On Thursday, all three key indices of Wall Street had rounded off the session sharply lower with tech-heavy Nasdaq reporting its steepest intra-session plunge in more than four months, as tech-stocks remained under a tremendous scale of pressure following a rapid rise in US bond yields.
In point of fact, in the day’s mass-scale sell-off wave in the Wall Street was mostly driven by an abrupt upsurge in US bond yields, while benchmark 10-year US Treasury bond yields had spiked to a fresh one-year peak of 1.614 per cent, prodding investors to join a havoc-scale sell-off wind amid growing jitters over higher valuations of a number of US stocks.
Aside from that, the so-called FAANG stocks had led the downfall in the day’s Wall Street with shares’ prices of Facebook, Apple, Amazon, Netflix and Google tumbling between 1.2 per cent to 3.6 per cent.

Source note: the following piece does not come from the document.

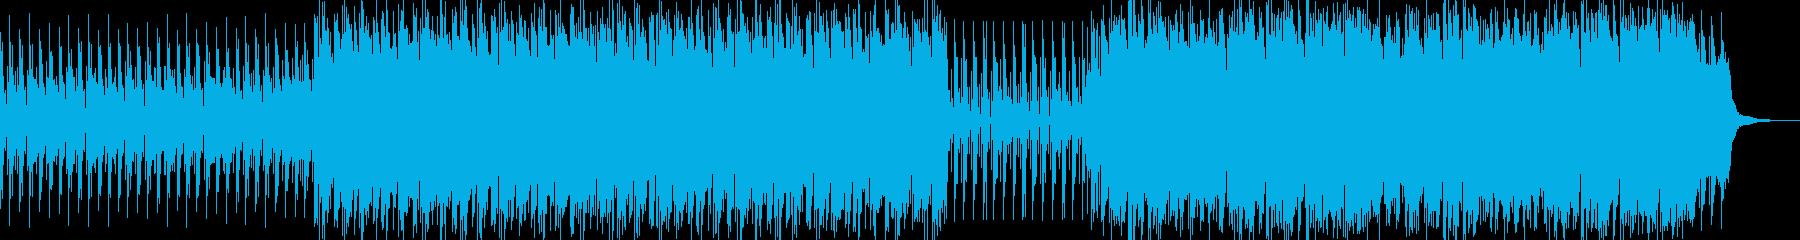 ラテン系のアップテンポな曲の再生済みの波形

Nonetheless, Twitter stocks rose 3.71 per cent after it had laid out a plan to double up revenues by 2023, while GameStop shares soared again on Thursday despite a broad-based slide in the US money markets, mostly led by a surprise entrance of the so-called Main Street retail investors, while after surging as much as 90 per cent earlier in the day, GameStop Corp.
shares’ prices wrapped up the session 18.6 per cent higher.
Wall Street ends sharply lower as higher US bond yields weigh
Citing statistics, in the day’s Wall Street closing bell, trade-sensitive Dow dwindled 1.75 per cent to 31,402.01 and benchmark S&P 500 took a lofty header of 2.45 per cent, while leading the tally of losses, tech-heavy Nasdaq had crumbled as much as 3.52 per cent to 13,119.43.
Meanwhile, addressing to an inevitable downward spiral in an overvalued US stock market that had hit fresh closing highs many times over the recent past, a market analyst at Chase, Tuz said, “You’ve had an equity market that’s hit record highs many times this year and it’s expensive relative to historic norms. We were primed for a sell-off”.